引用本文: 張步升, 戴黃棟, 方亮, 謝曉奕, 李偉, 孔燁. 瓣膜修復在反流性主動脈瓣二葉畸形患者中應用的近中期結果. 中國胸心血管外科臨床雜志, 2021, 28(12): 1436-1440. doi: 10.7507/1007-4848.202101038 復制
主動脈瓣二葉畸形(bicuspid aortic valve,BAV)是最常見的先天性心血管畸形,發病率 0.5%~2%。BAV 患者常因反流和/或動脈瘤而需要外科干預,通常手術方式是主動脈瓣置換,伴/不伴主動脈置換,而人工瓣膜及抗凝相關并發癥,嚴重影響患者的生活質量和壽命[1-2]。20 世紀 90 年代,Casselman 等[3]率先報道了在 BAV 患者中采用主動脈瓣修復技術,但中期效果令人失望。此后,隨著對主動脈根部解剖及血流動力學的深入研究,以及修復后反流復發因素的確定,新的修復理念和技術不斷產生,臨床效果也不斷改善。Miyahara 等[4]報道,絕大部分(90% 以上)的非狹窄性 BAV 患者,可以行瓣膜修復手術,且效果良好。在此,我們回顧性分析 2016 年 9 月至 2020 年 1 月期間,在我科接受主動脈瓣修復術的反流性 BAV 患者的臨床資料,并分析其近中期隨訪結果。
1 資料與方法
1.1 臨床資料
回顧性分析行主動脈瓣修復術 27 例反流性 BAV 患者的臨床資料,其中男 24 例、女 3 例,平均年齡 20~68(38.5±14.6)歲。27 例患者病理分型均為 Seviers 1 型。左右冠瓣融合 23 例,右冠瓣和無冠瓣融合 4 例。心臟彩色超聲:主動脈瓣中度反流 3 例、中重度 18 例、重度 6 例。主動脈瓣環(27.9±3.4)mm,主動脈竇部最大徑(39.9±7.6)mm,左心室舒張末期內徑(62.7±6.5)mm,左心室舒張末期容積(197.9±53.6)mL,左心室射血分數 62.4%±4.3%。臨床心功能分級(NYHA)(2.6±0.4)級。合并癥包括冠心病 3 例、高血壓 2 例。本研究納入診斷為 BAV 合并中度及以上主動脈瓣反流,在我院行主動脈瓣修復的病例。患者一般資料見表 1。


1.2 手術方法
標準手術入路采用胸部正中切口,少數選擇性病例采用胸骨上段小切口。體外循環供血管以升主動脈插管為主,少數病例(Stanford A 型夾層動脈瘤)采用股動脈和/或腋動脈插管,靜脈引流管經上、下腔靜脈插管,右上肺靜脈插管進入左心室,行左心引流、減壓。全部患者經主動脈根部或冠狀動脈開口順行性灌注心臟冷停搏液,部分患者聯合經冠狀靜脈竇逆行性灌注。在主動脈竇管交界上約 1 cm 處橫斷升主動脈,于主動脈瓣交界上方,縫三針牽引線懸吊,全面評估主動脈根部情況:Hegar 探條測量主動脈瓣環內徑,專用器械測量主動脈瓣葉幾何學高度(geometry height,gH)和有效高度(effective height,eH),并觀察瓣葉是否增厚,有無鈣化、穿孔等。

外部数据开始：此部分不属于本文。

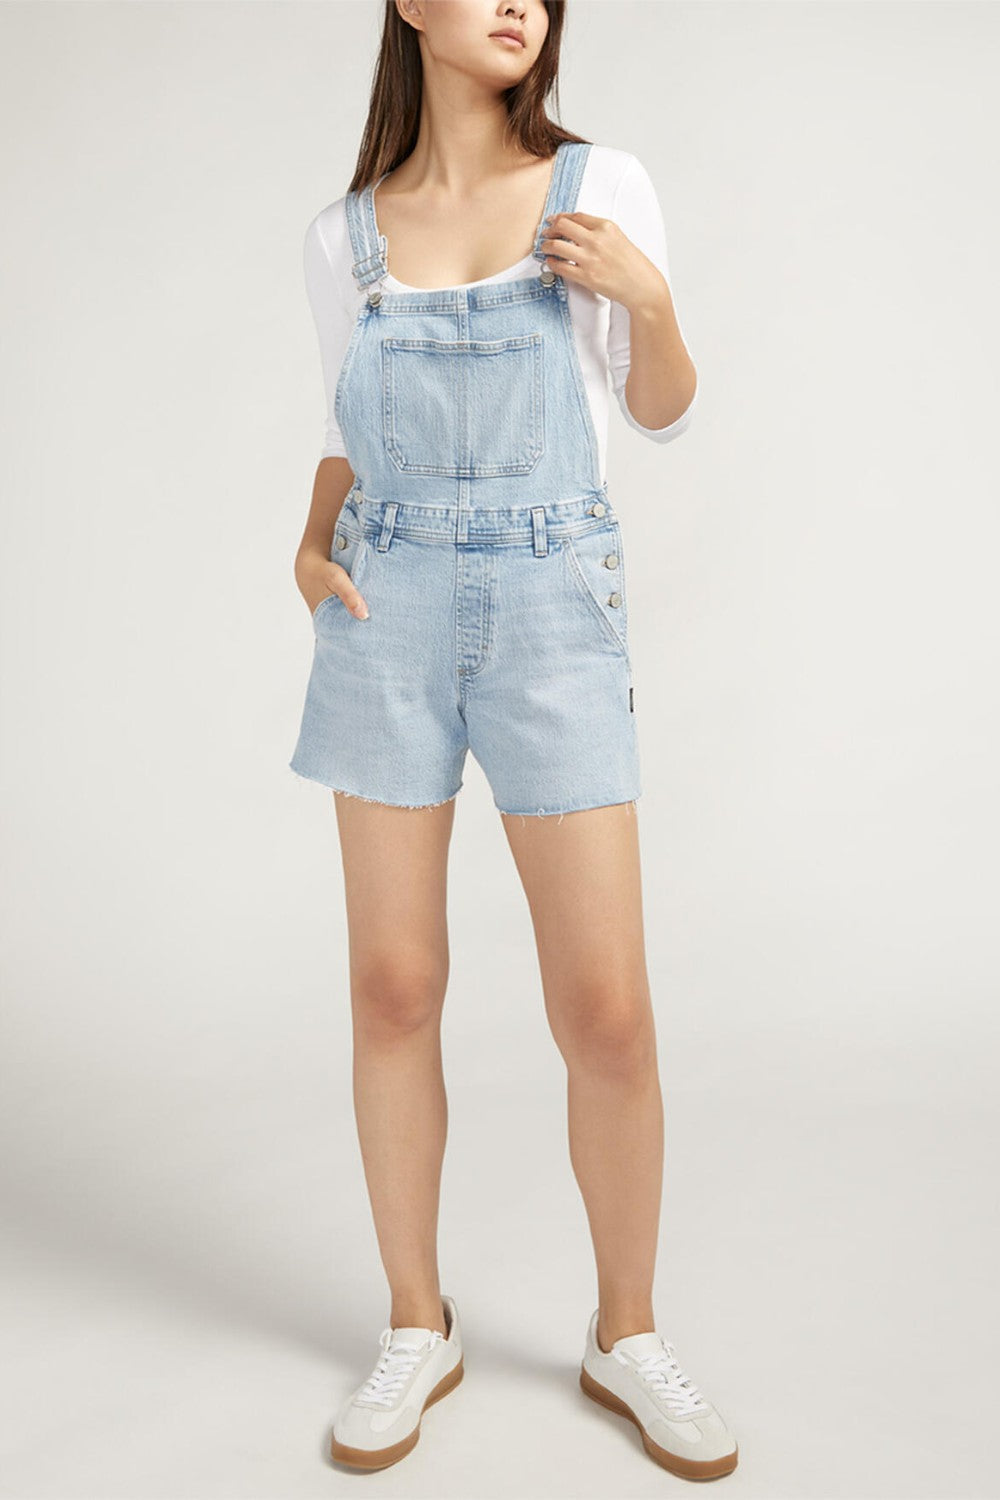 Get into a 70's vibe in a comfortably fitted shortall with vintage-inspired details and light distressing. A light indigo wash sets the perfect tone for spring, adjustable shoulder straps and an open back makes it easy to pair with your favourite tees.

主動脈瓣修復技術:沿主動脈內壁剪開融合嵴的附著緣,并將融合嵴切除,以增加瓣葉的活動度。檢查非融合瓣是否有脫垂,如有脫垂,5-0 Prolene 間斷縫合,行中央折疊,使 eH≥9 mm,然后以非融合瓣為參照,對融合瓣行中央折疊。如患者存在竇管交界擴張,則取寬約 5 mm 的人工血管環套在竇管交界外,固定環縮竇管交界,使主動脈瓣環與竇管交界比例約 1∶1.2。
如患者存在主動脈瓣環擴張,首先仔細游離主動脈根部至瓣環水平,并分離冠狀動脈開口近端組織,套 10#絲線牽引。然后 6~12 針 2-0 縫線帶墊片自主動脈瓣環由內向外間斷褥式縫合,用寬約 5 mm 的人工血管環套在主動脈瓣環外,2-0 縫線穿過人工血管環,打結固定并環縮主動脈瓣環。或者在主動脈根部外,用 Gore-Tex CV-0 縫線沿主動脈瓣環水平連續縫合一周,打結固定并環縮主動脈瓣環至目標內徑(主動脈瓣口內置合適大小的 Hegar 探條)。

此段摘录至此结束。